SQL2Neo: Moving health-care data from relational to graph databases

SQL2Neo: Moving health-care data from relational to graph databases De-facto storage model being used by health-care information systems is Relational Database Management Systems (RDBMS). Albeit relational storage model is mature and widely used; they are incompetent to store and query data encompassing high degree of relationships. Health-care data is heavily annotated with relationships and hence are a suitable candidate for a specialized data model – Graph databases. Graph databases will empower health-care professionals to discover and manage new and useful relationships and also provides speed when querying highly-related data. To query related data, relational databases employ massive joins which are very expensive, in contrast graph data-stores have direct pointers to their adjacent nodes. Hence achieving much needed scalability to handle huge amount of medical data being generated at a very high velocity.
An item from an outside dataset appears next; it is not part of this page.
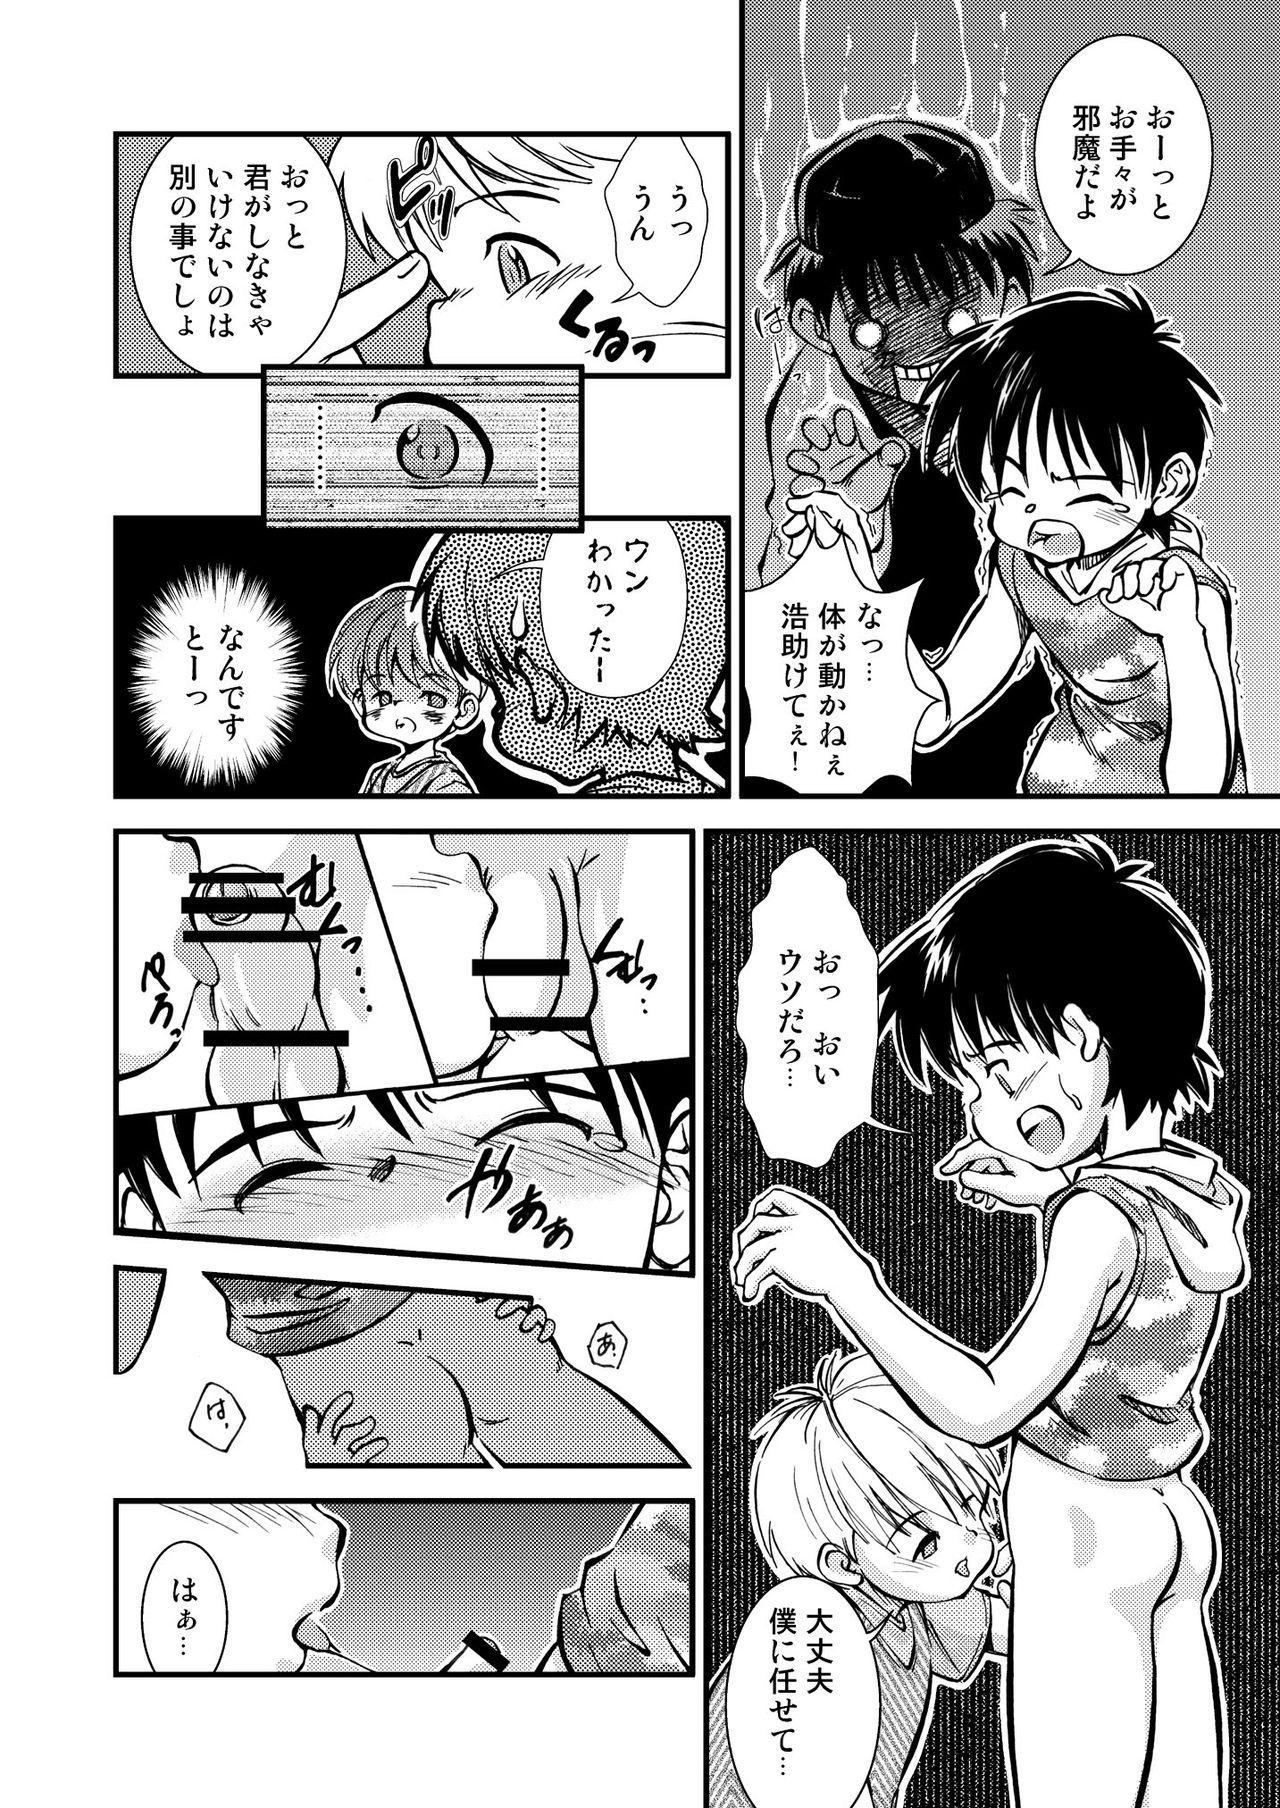 Shinjiru Koto kara Hajimeyou 8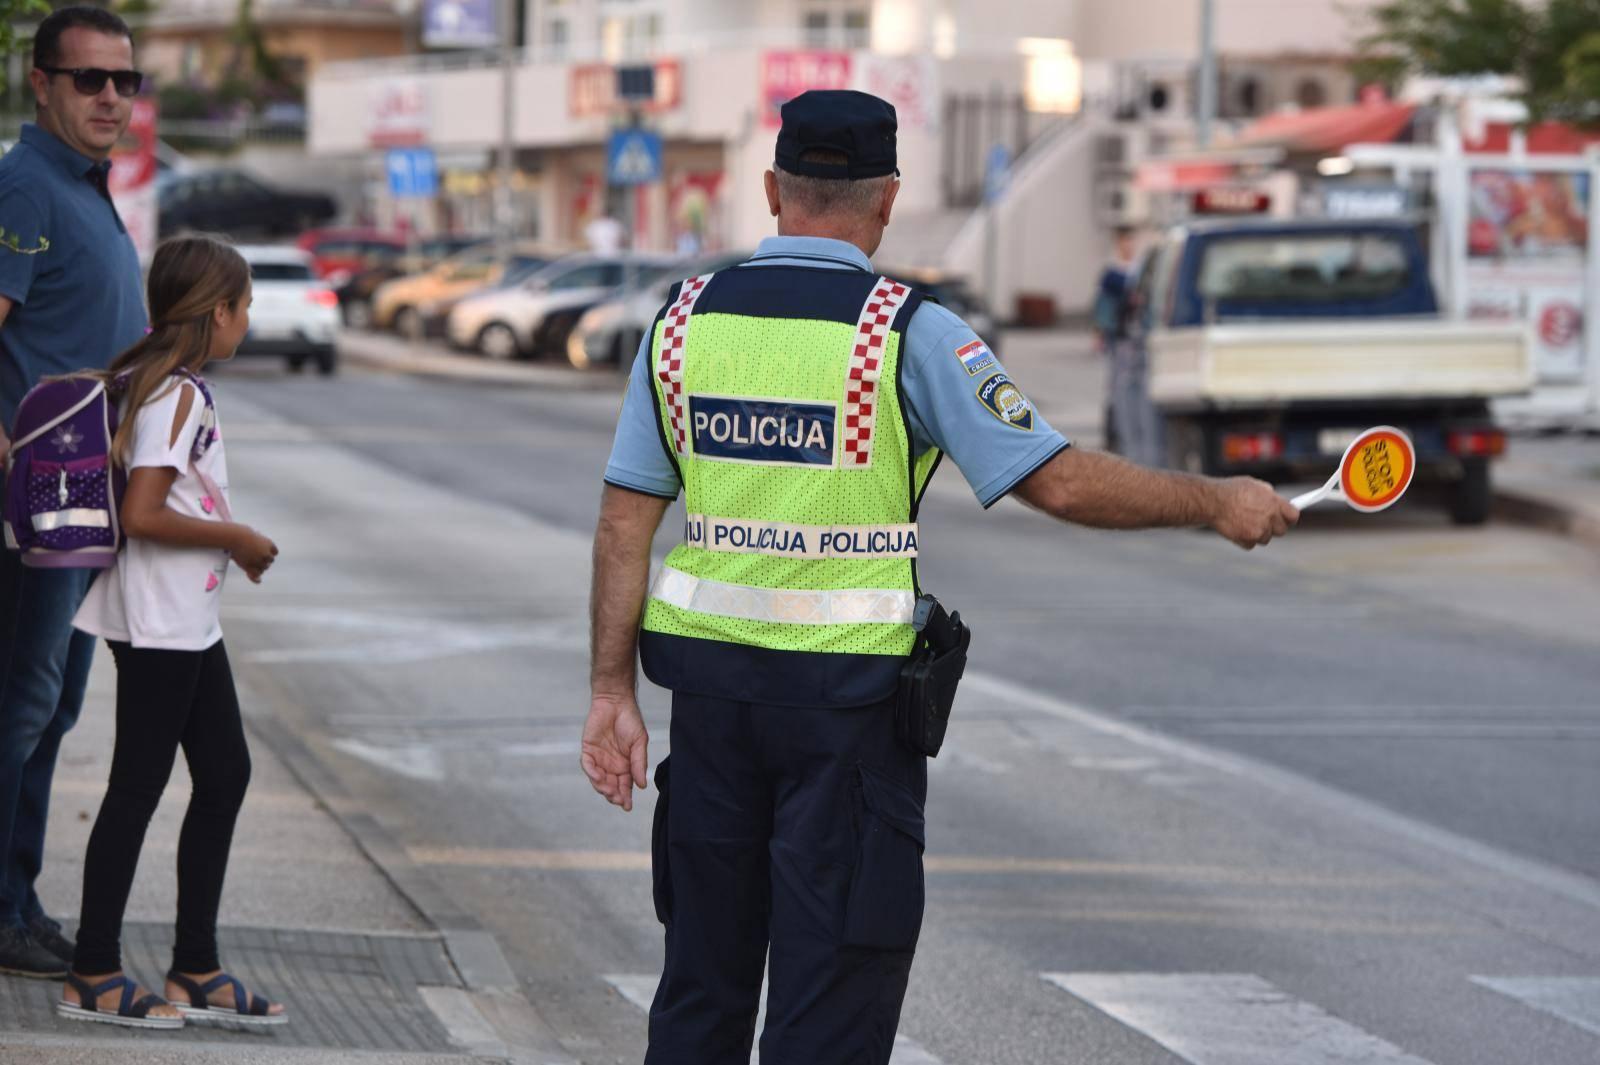 Oprez u prometu, počela je škola: 'Poštujte naše znakove'

Also, healthcare data is primarily semi/un-structured – inciting the need of a schema-less database.

In this proposal a methodology to convert a relational to a graph database by exploiting the schema and the constraints of the source, is proposed. The approach supports the translation of conjunctive SQL queries over the source into graph traversal operations over the target. The experimental results are provided to show the feasibility of the solution and the efficiency of query answering over the target database. Tuples are mapped to nodes and foreign key is mapped into edges. Software have been implemented in Java to convert a sample medical relational database with 24 tables to a graph database. During transformation, constraints were preserved. MySQL as relational database and popular graph database – Neo4j was used for the implementation of proposed system – SQL2Neo.